What to work on:
Write the listing below out again word for word, without a single picture.

START Exercise data

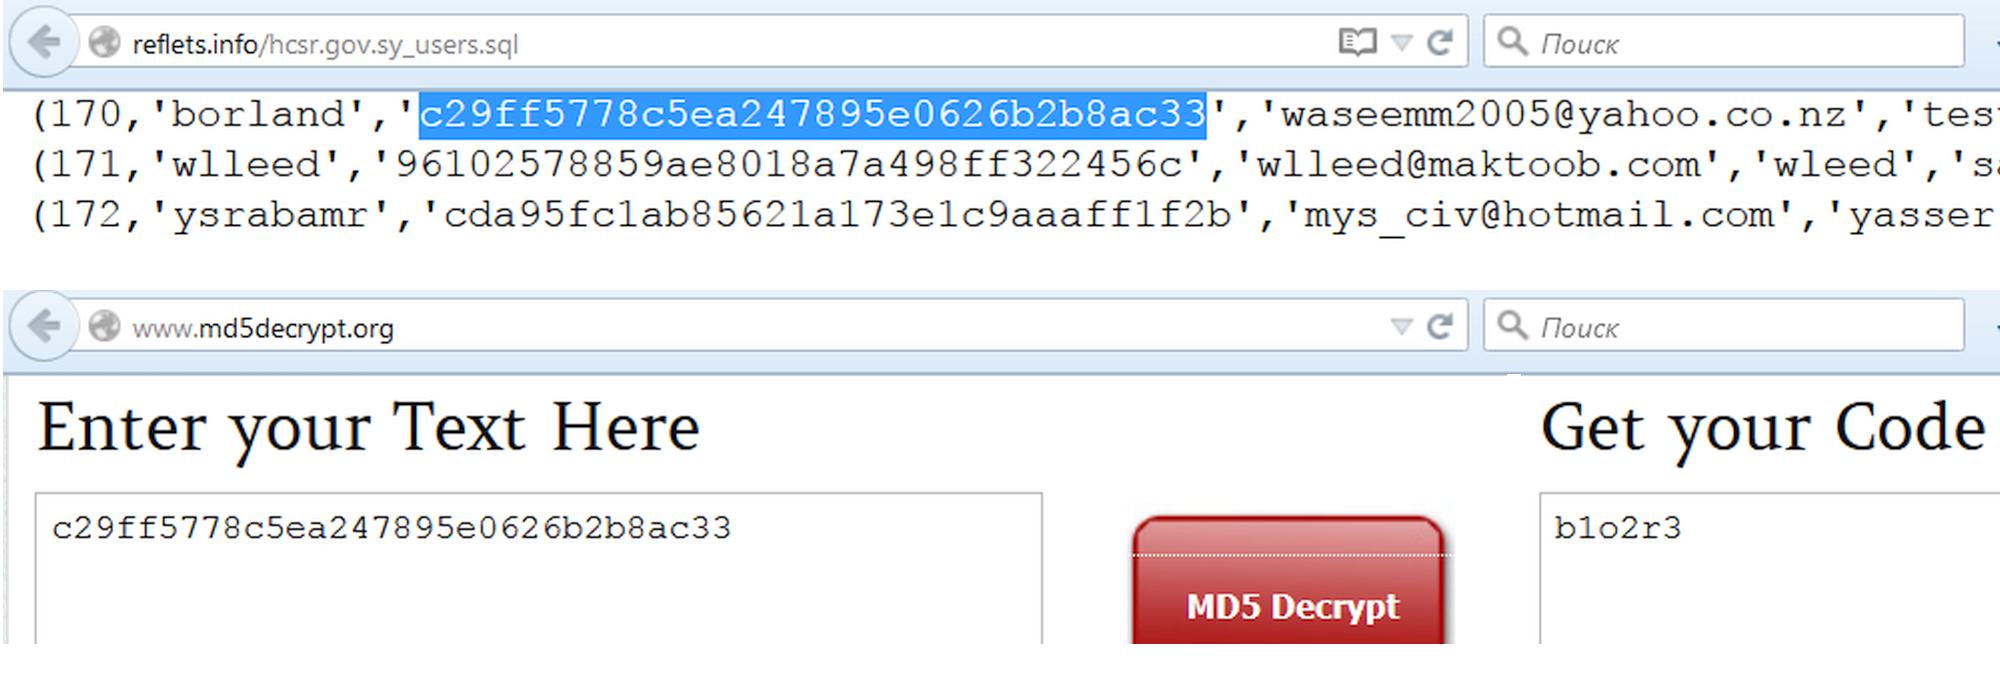 Подбор пароля по хешу MD5
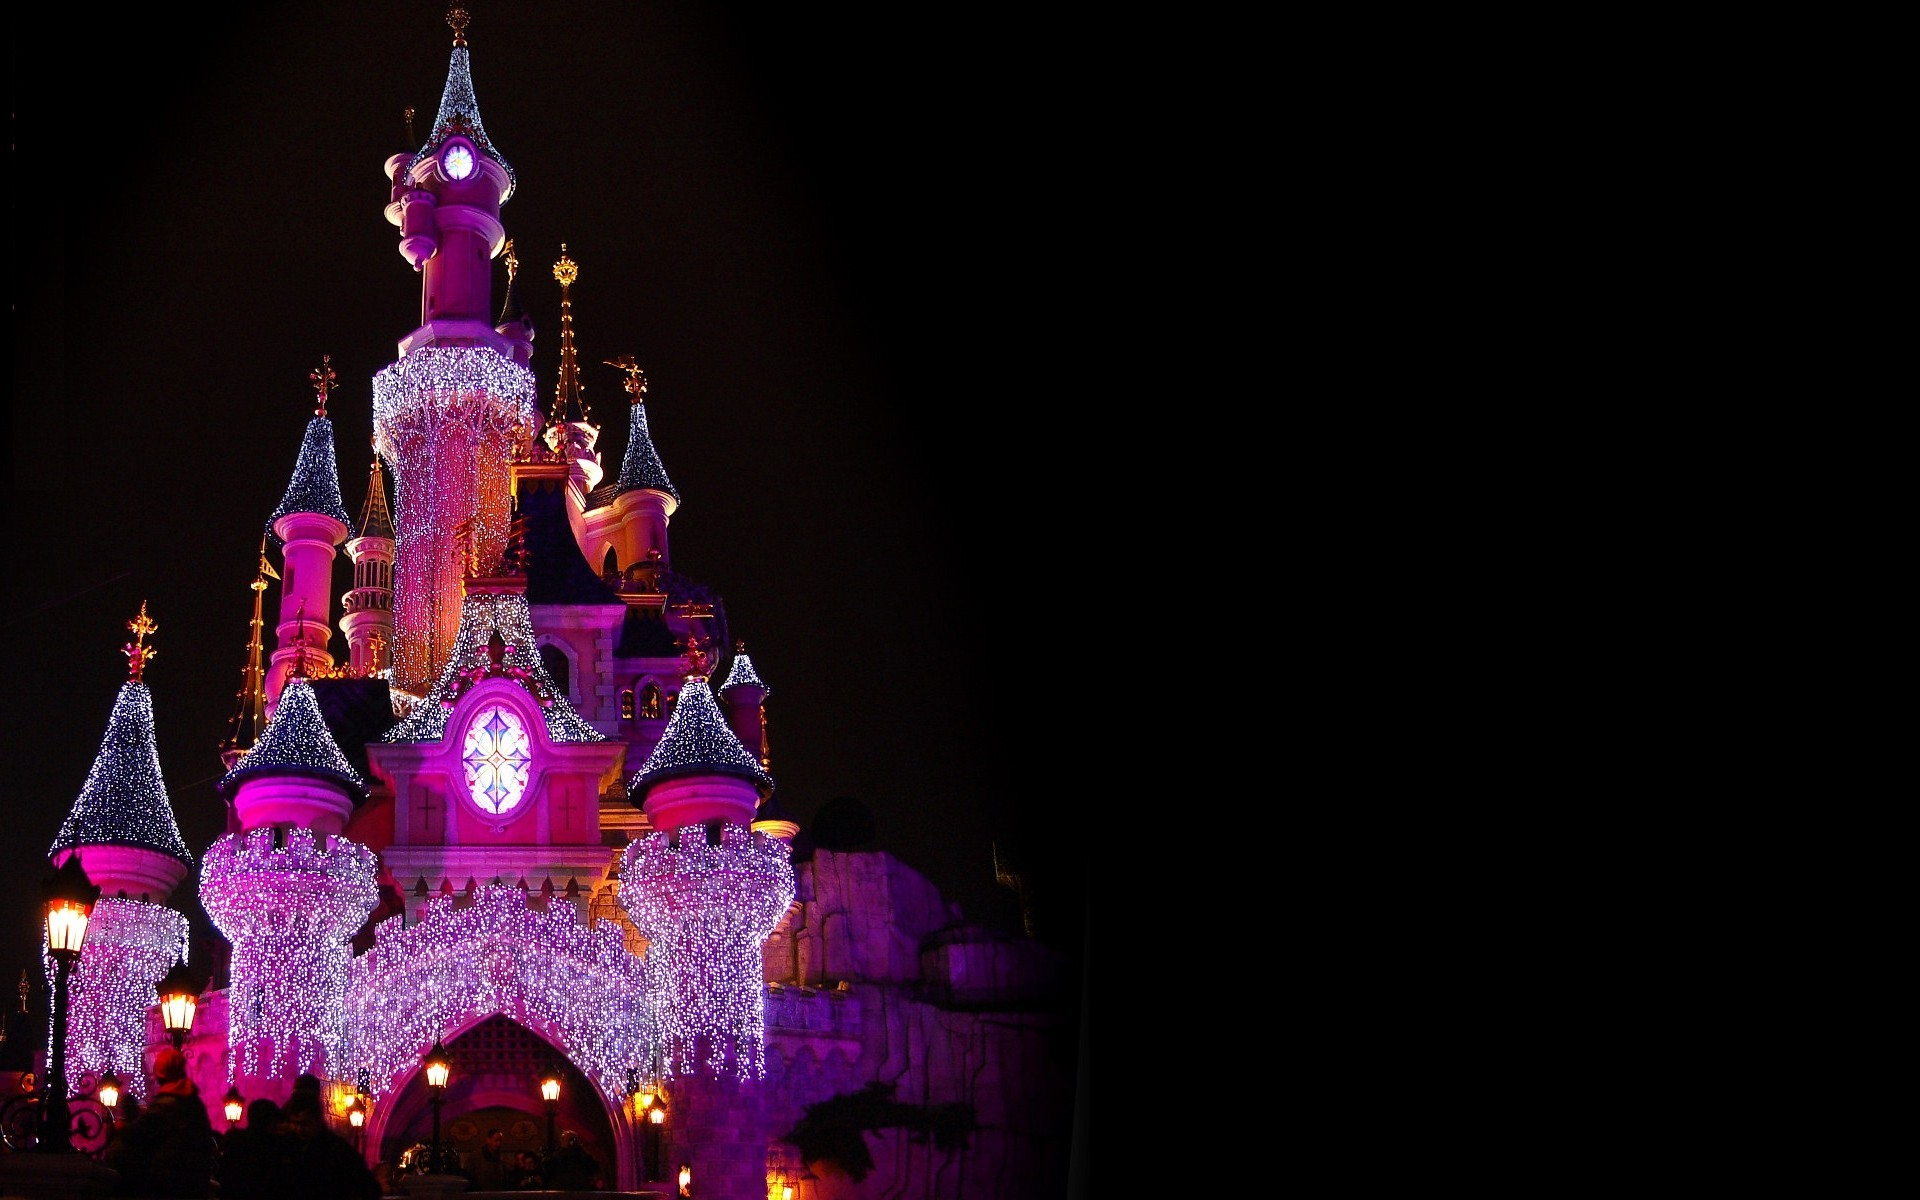 Cinderella Castle   Walt Disney World wallpaper 6410 1920x1200
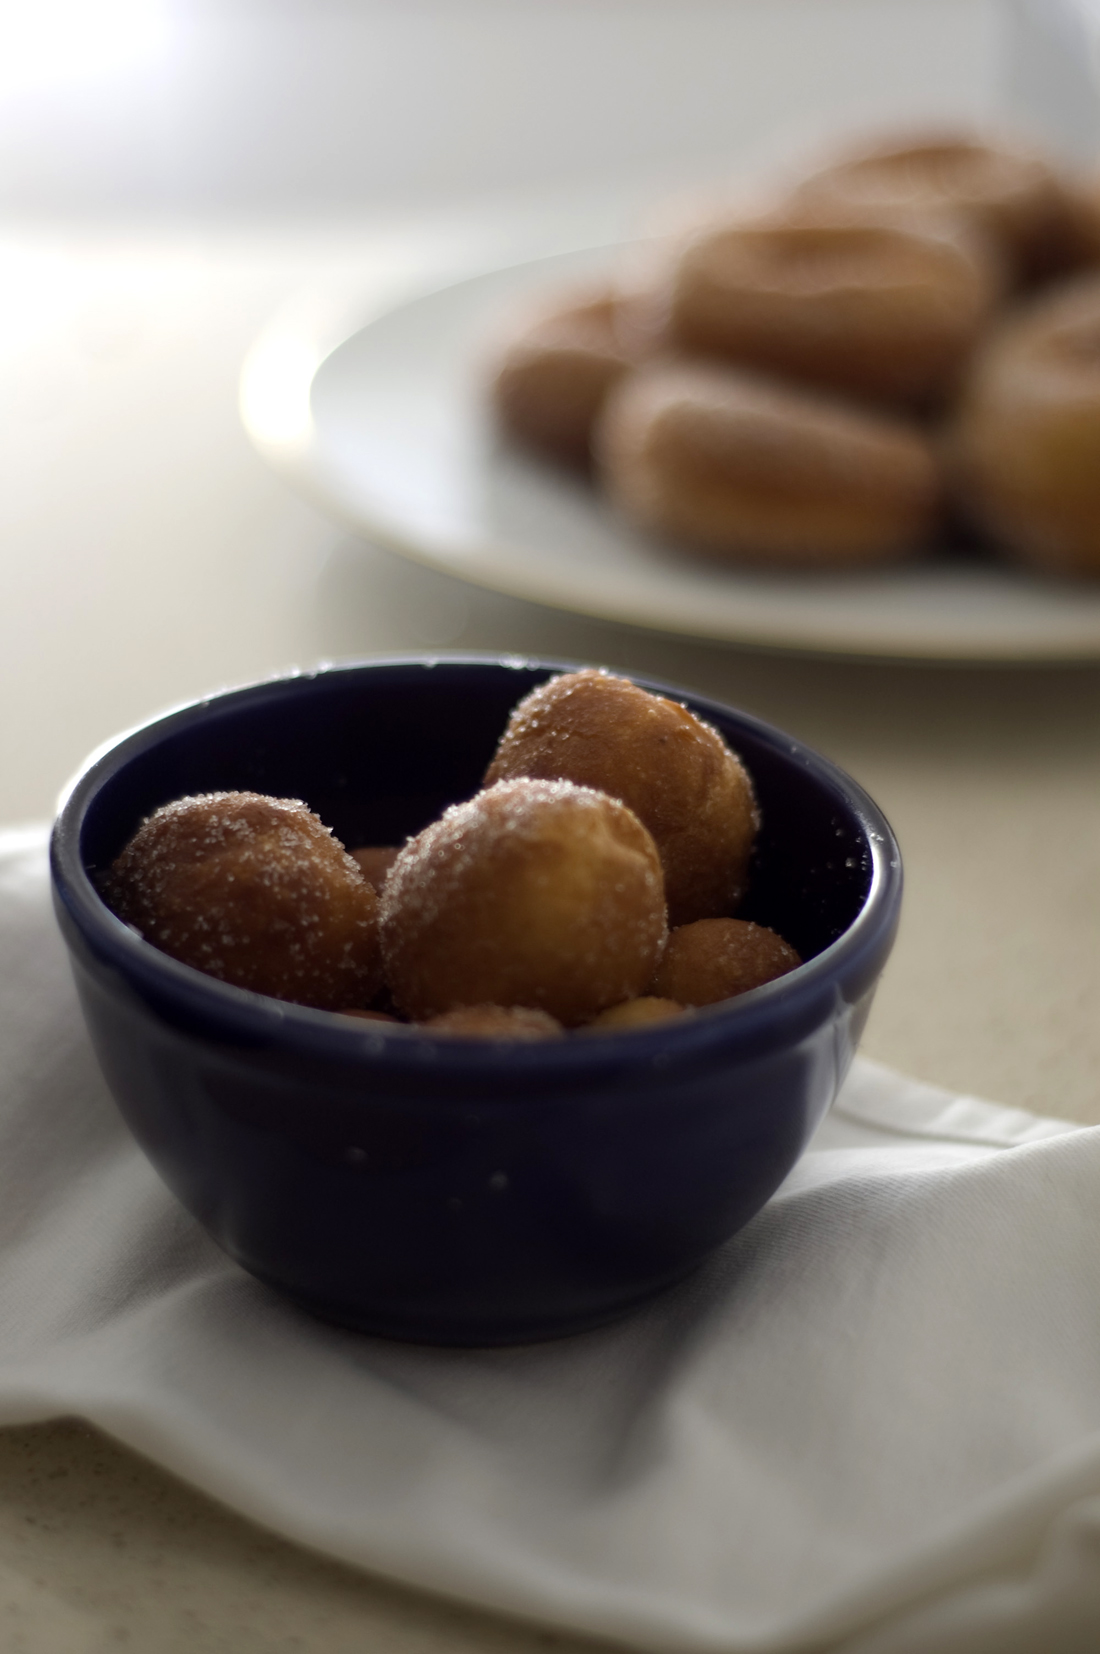 Donuts // Doughnuts

END Exercise data

Written answer:
 Подбор пароля по хешу MD5
 Cinderella Castle   Walt Disney World wallpaper 6410 1920x1200
 Donuts // Doughnuts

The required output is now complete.